What you will do: Having located "dry stone wall", write out its line and the remaining lines of the material exactly, the last one included, but not the pictures.

Material provided:
----

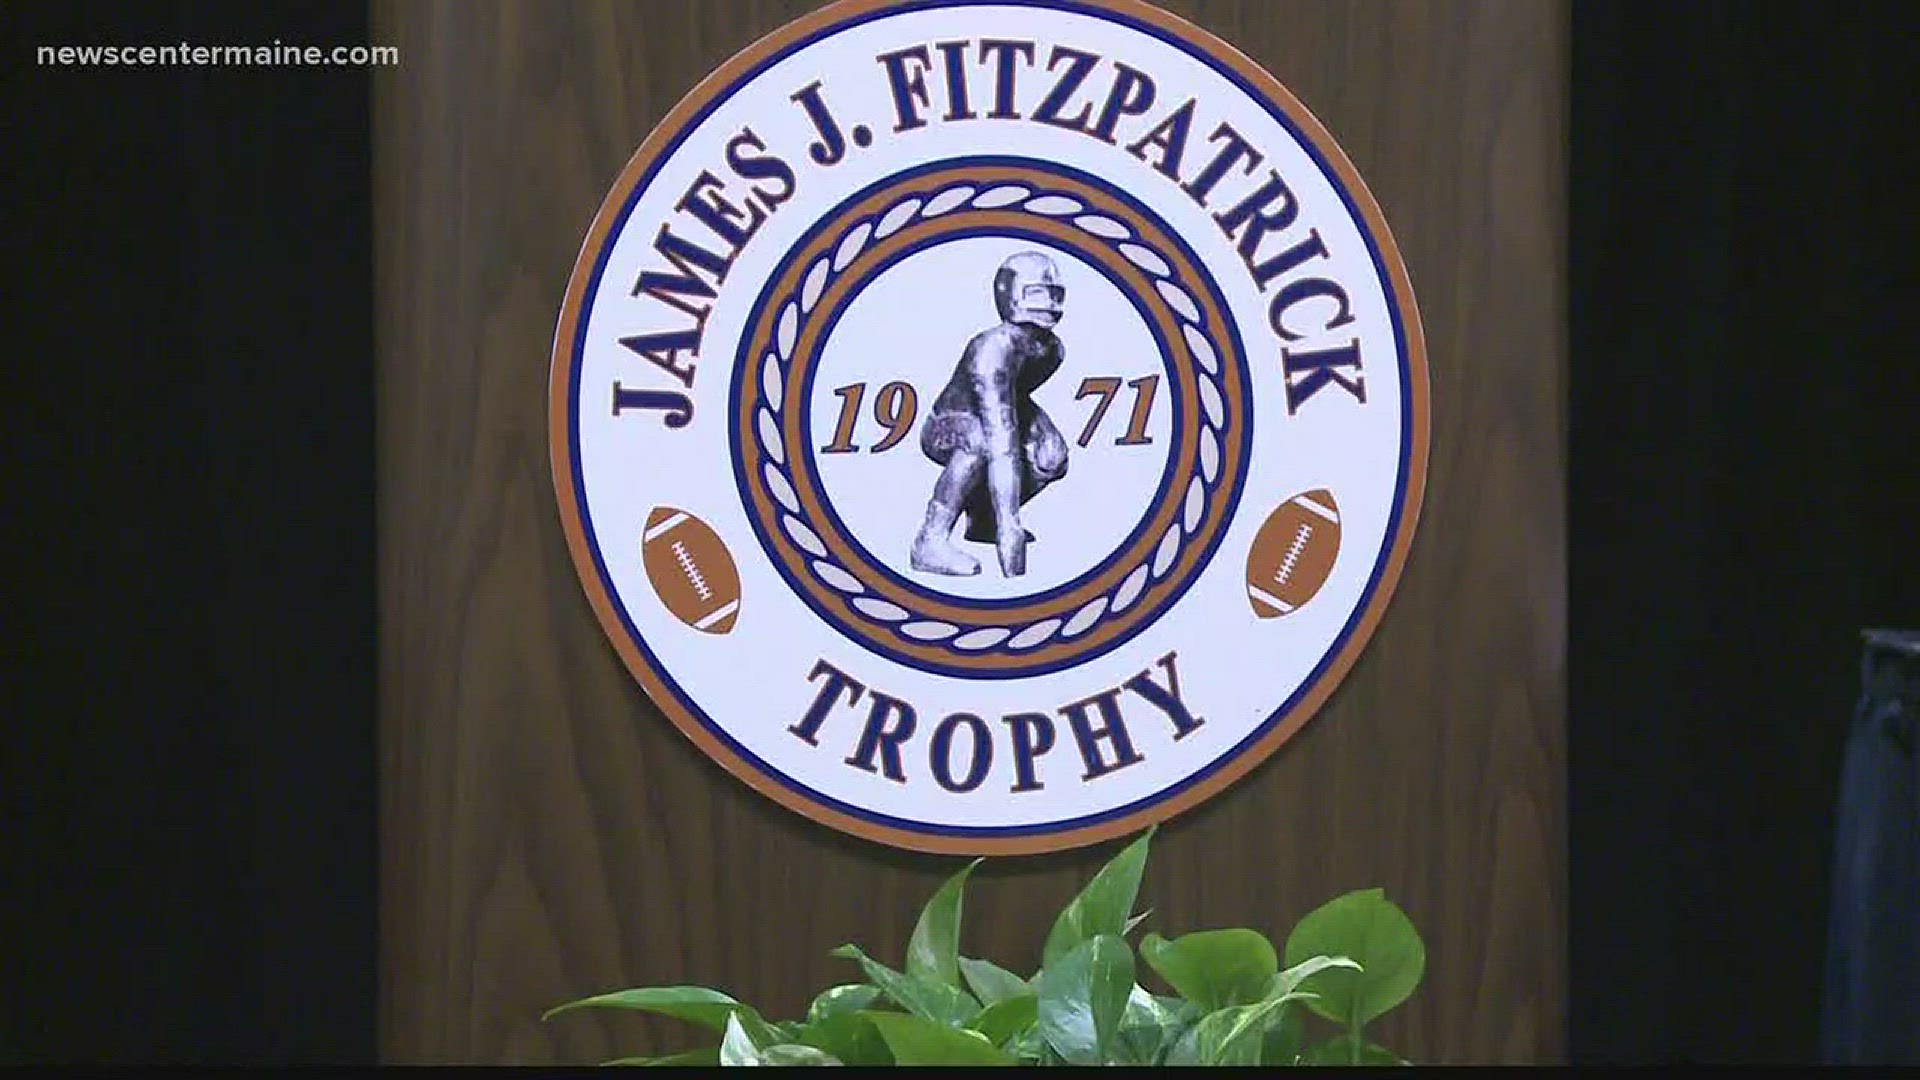 James J Fitzpatrick Awards
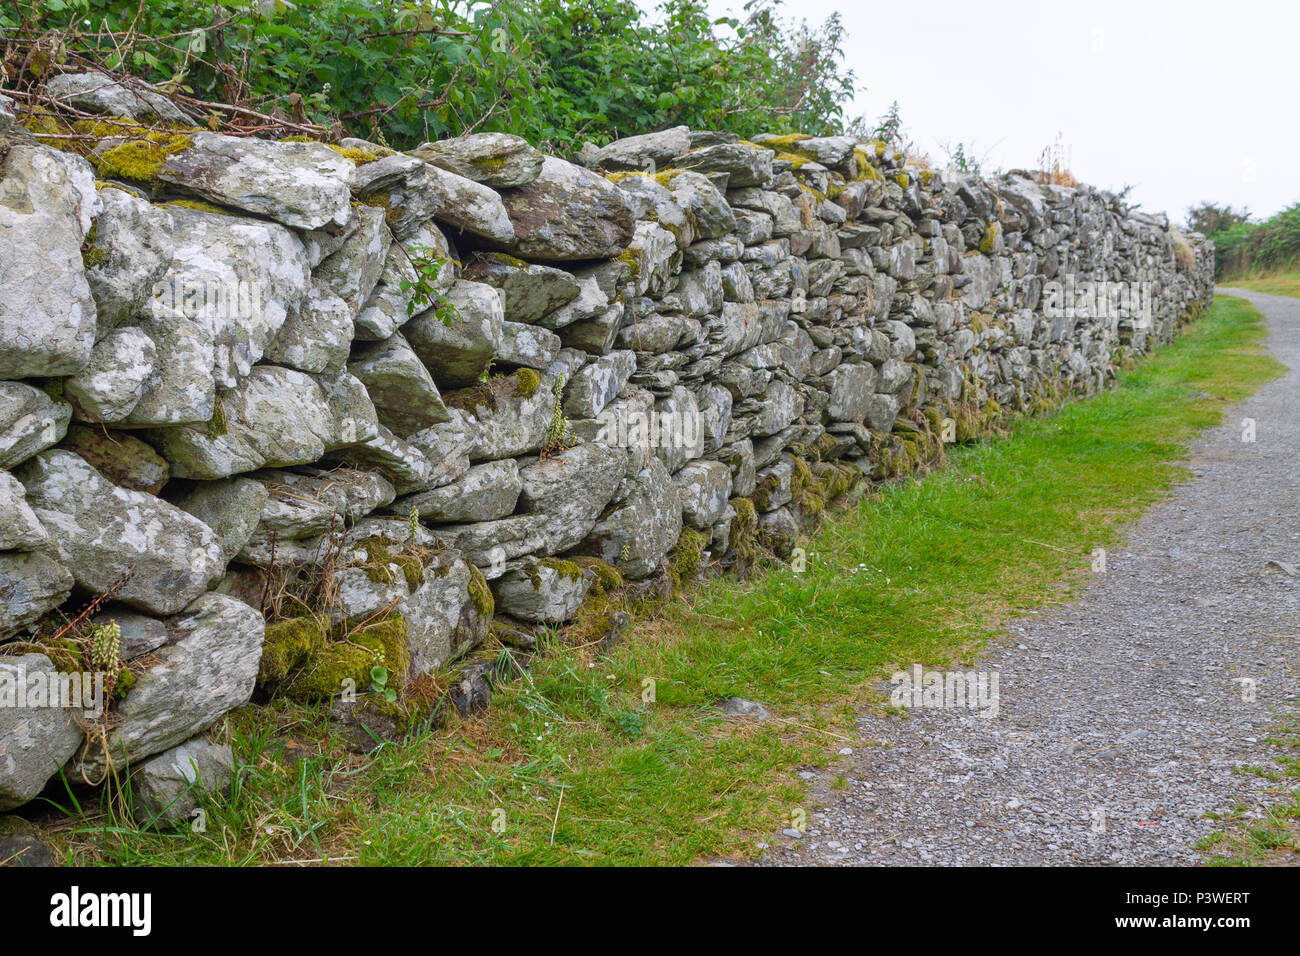 dry stone wall alongside a footpath. Stock Photo
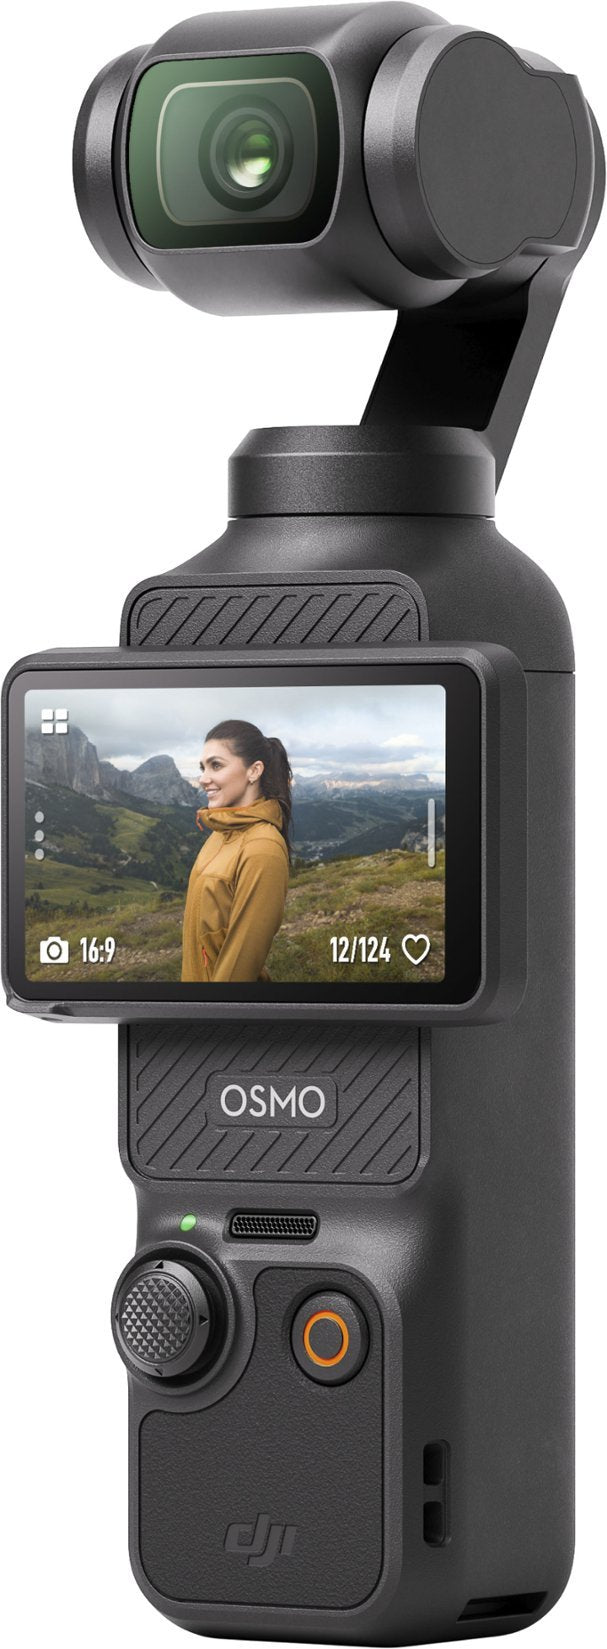 DJI | Camera Osmo Pocket 3 Creator Combo Retail  - Black | CP.OS.00000302.01

----

Task solution:
 dry stone wall alongside a footpath. Stock Photo
 DJI | Camera Osmo Pocket 3 Creator Combo Retail  - Black | CP.OS.00000302.01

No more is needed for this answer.